How This DIY Apple Cider Vinegar Recipe Makes Hair Healthier

If you’re looking for ways to make your hair healthier and less frizzy, apple cider vinegar might just be the simple solution to it all. It’s a common natural ingredient in many hair care goods, including scalp detox and shampoo products. So, how can you use it at home to rinse your hair? Let’s see!

Blond dyed healthy looking hair
How This DIY Apple Cider Vinegar Recipe Makes Hair Healthier

It All Comes Down to pH

One of the overlooked aspects of keeping hair healthy is its pH. If it’s not balanced, your scalp will be dry and easily irritable, and your hair will be dull and frizzy. Since water has a neutral pH of about 7, it means that each time you wash it, it’s pH rises from its normal state of 5.5 up to mid 6. This means you need something that helps lower the pH, so it seals your cuticles, leaving your hair shiny with soft strands. When the pH is high, the cuticles open and make your hair frizzy and dull.

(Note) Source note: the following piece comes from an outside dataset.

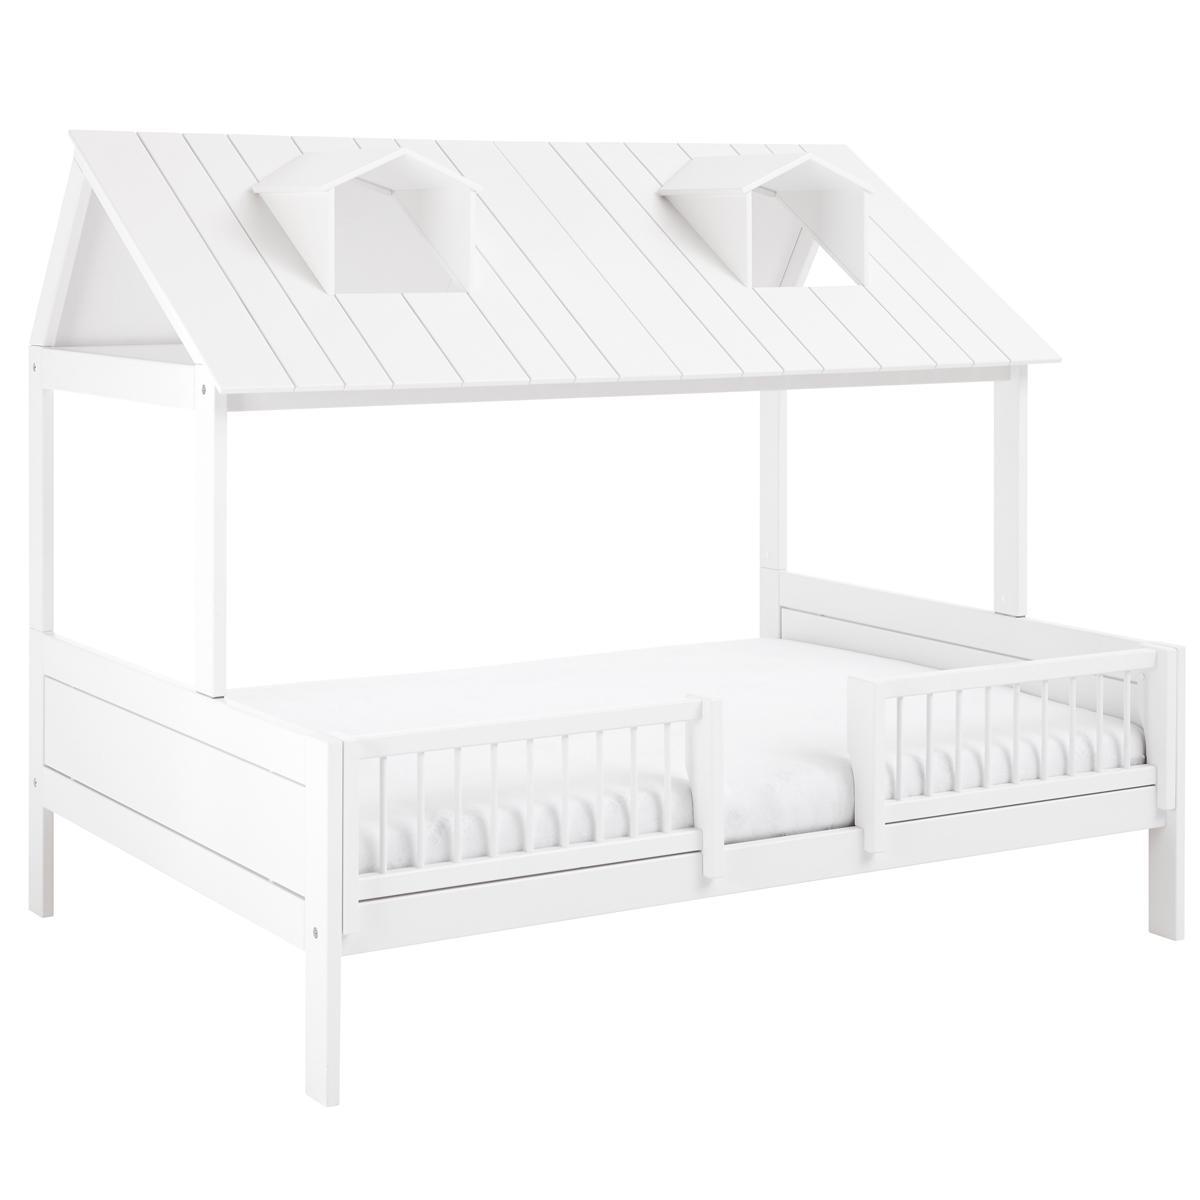 Lit 140x200cm-sommier luxe BEACH HOUSE  Lifetime blanc

The Simple DIY Apple Cider Vinegar Recipe

Glass bottle with apple cider vinegar, whole fresh red apples on a green black background
How This DIY Apple Cider Vinegar Recipe Makes Hair Healthier

All you need are two basic ingredients: apple cider vinegar (ACV) and water. For each ½ tablespoon of ACV, you need to add 1 cup of cold water. Mix them together, and you’re good to go. It’s crucial that you use organic, unfiltered, raw, and unpasteurized apple cider vinegar (with the mother). Since it lacks the preservatives and stabilizers used in mainstream cosmetics, each DIY rinse you make is single-use. Don’t try and use one batch on a couple of occasions.

How to Use Your ACV Rinse

Woman after bath taking care of her hair with a white towel
How This DIY Apple Cider Vinegar Recipe Makes Hair Healthier

To make the application easier, you can place your rinse in an old hair care bottle. Choose anything that will make it easy for you to distribute the rinse throughout your scalp and then on the strands. Depending on how oily or dry your hair is, you’ll have to adjust your rinse schedule. Keep the rinse on for five minutes before washing it off.

For oily hair: use the rinse after your shampoo, but not after each wash as it may be too drying.
For dry hair: you can use the rinse instead of the shampoo once a week, but apply it after your mask or conditioner so it can rinse it out post-wash.